The first film in the series sets Freddy’s emergence against the backdrop of a strained and dysfunctional household. Heather Langenkamp as the protagonist Nancy has just the right mix of vulnerability and resourcefulness, taking the fight to Freddy in the climactic scenes of the movie. The film is also noticeable for being an early starring role for Johnny Depp, who meets a particularly bloody end.
The second film, though not thought of particularly favourably nowadays outside of cult circles, is still notable for being a (now hilariously transparent) metaphor for the difficulties of dealing with a burgeoning sexual identity during adolescence. Controversially it messes with the series mythology; with Freddy possessing the closeted protagonist and using him as a vessel with which to commit murders.
The third and probably best entry in the series, Dream Warriors, see’s the return of a now adult Nancy as she helps a group of troubled, diverse teens in a mental institution as they are paid a visit by Freddy. It’s the rare slasher film, in which you grow to care for the cast of teens, rather than seeing them as disposable fodder for the movies antagonist. From the troubled Taryn to the geeky Will Stanton, the film is full of memorable characters. Freddy, for better or worse, also has more personality in this film, with his now trademark sense of humour rearing its charred head, culminating in some memorable one liners.
The following three films never really recapture the lightning in a bottle magic that makes Dream Warriors such an entertaining movie, or the first so enduring. Wes Craven’s involvement is missed. They have some visually inventive death scenes, memorably involving everything from superhero power fantasies to being trapped inside a video game. And the fifth film in franchise does boast some impressively realised gothic aesthetics and a darker tone.
The most interesting elements of these later movies involve the further exploration of Freddy’s history and the macabre series of events that led to his demise and rebirth as the nightmarish phantasm we know today.
Both series took something of a sabbatical in the early nineties, as both franchises effectively culminated in the ‘death’ of their monsterish antagonists. The final entry in the Friday series, Jason Goes to Hell, ends with Freddy’s gloved hand pulling Jason’s mask down into the depths of the neverworld.
Little more than a knowing in-joke, nonetheless it whet audiences appetites for a confrontation between the two iconic slasher villains. However they’d have to wait ten long years for this to happen.

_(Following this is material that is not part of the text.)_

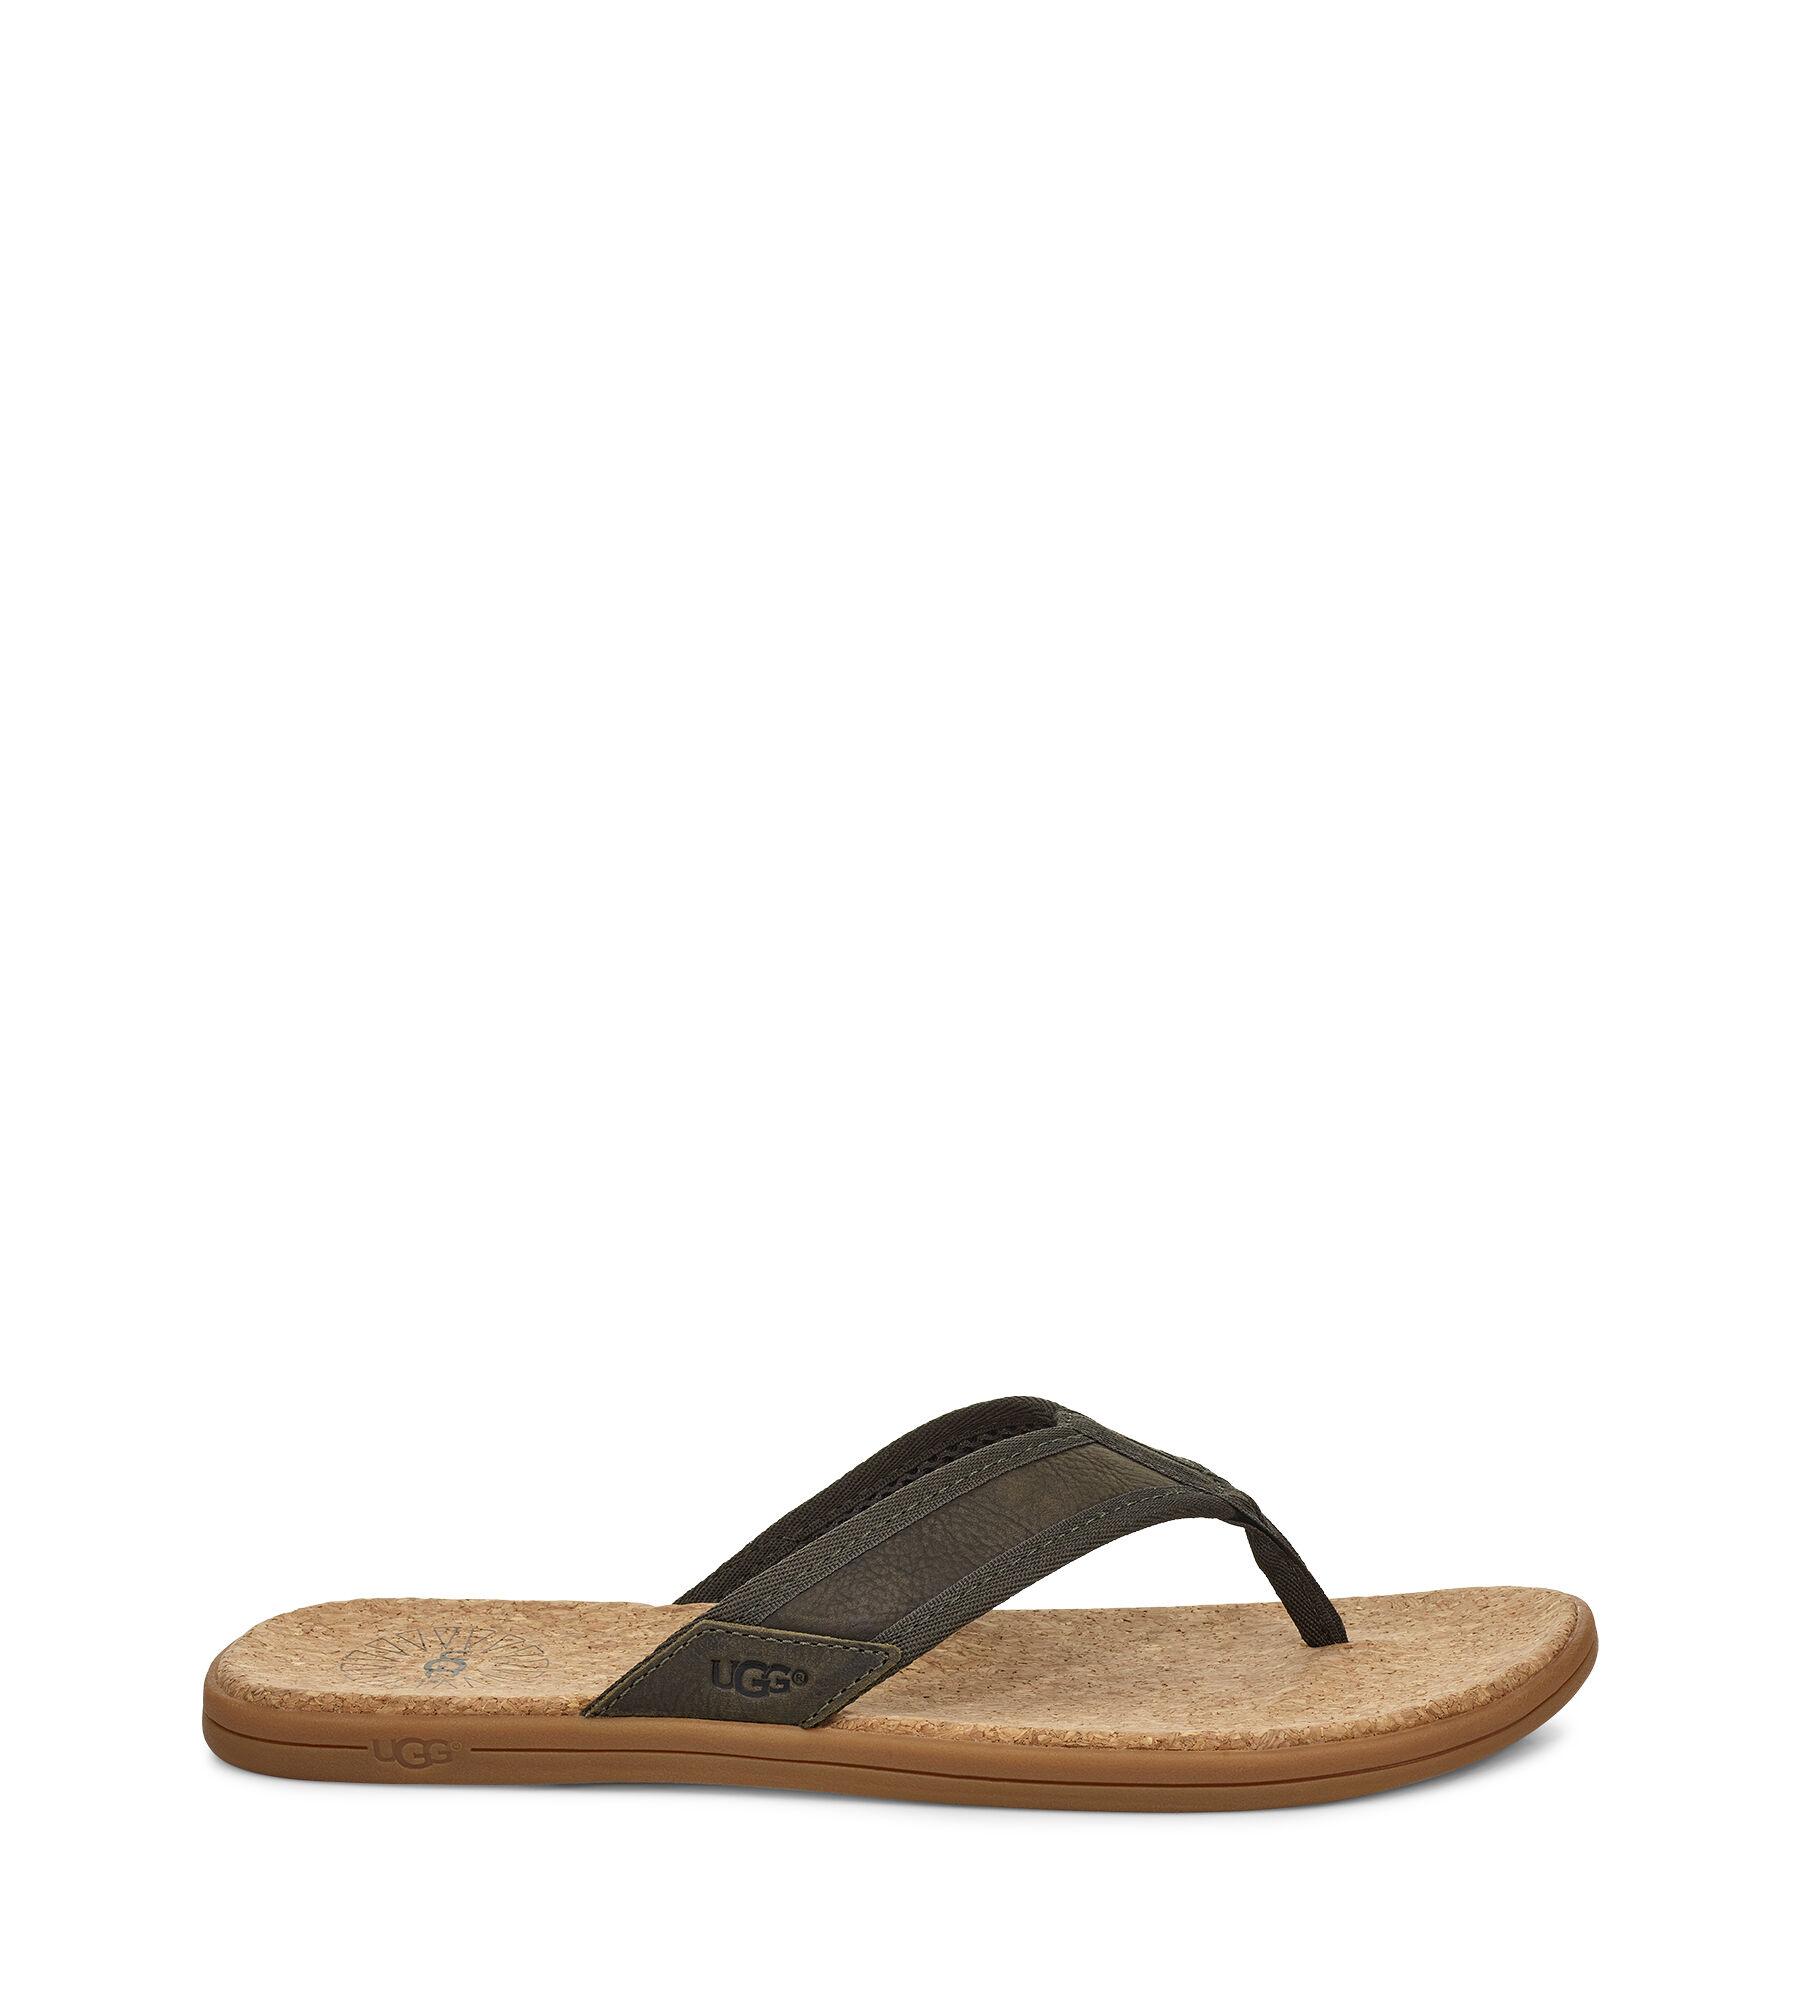 UGG Discount Store New Exclusive UGG Seaside Flip Sandals

There only relief coming in the form of the largely considered non-canon efforts of the pre-Scream metahorror of Wes Craven’s New Nightmare, and the tongue-in-cheek future shocks of Jason X.
Though somewhat dissimilar in tone and intent, both films are iconic 80’s slasher movie staples which helped to popularise the genre. Both, to varying degrees playfully mix sex and adolescent experimentation with gory repercussions. And both have created iconic, distinctive and enduring horror icons with near universal recognisability in the pop consciousness.
The meeting of these two icons in the fittingly titled Freddy vs. Jason is a fun, frenetic and satisfying end to both franchises. It pulls respectfully from the canon and lore of each franchise without being beholden or weighed down by it. The kids are largely of the disposable cipher variety, but they’re not really who the audience is here for. The film delivers on its title and offers an enjoyably goofy, comic book-like showdown between the two horror legends. The only real downside to the movie outside of the flat, interchangeable nature of the core group of teens is the overreliance of already-dated cgi effects. As two franchises notable for their expert use of practical gore and technical effects in their 80’s heyday, it’s disappointing to see little evidence of it here.
This film saw both franchises reach their natural conclusion, and the retirement of Robert Englund as Freddy. Both franchises were subsequently rebooted with mixed-to-negative results, and Jason is currently awaiting a new incarnation on TV.
The future of both series is uncertain, especially with the recent sad passing of Nightmare creator Wes Craven. A reboot of the Friday the 13th franchise is currently slated for a 2017 release, but this has changed multiple times in the past few months. What is certain however, is that both series left a strong and enduring stamp on horror cinema and popular culture in general, and their influence and legacy will continue to be felt for many years to come.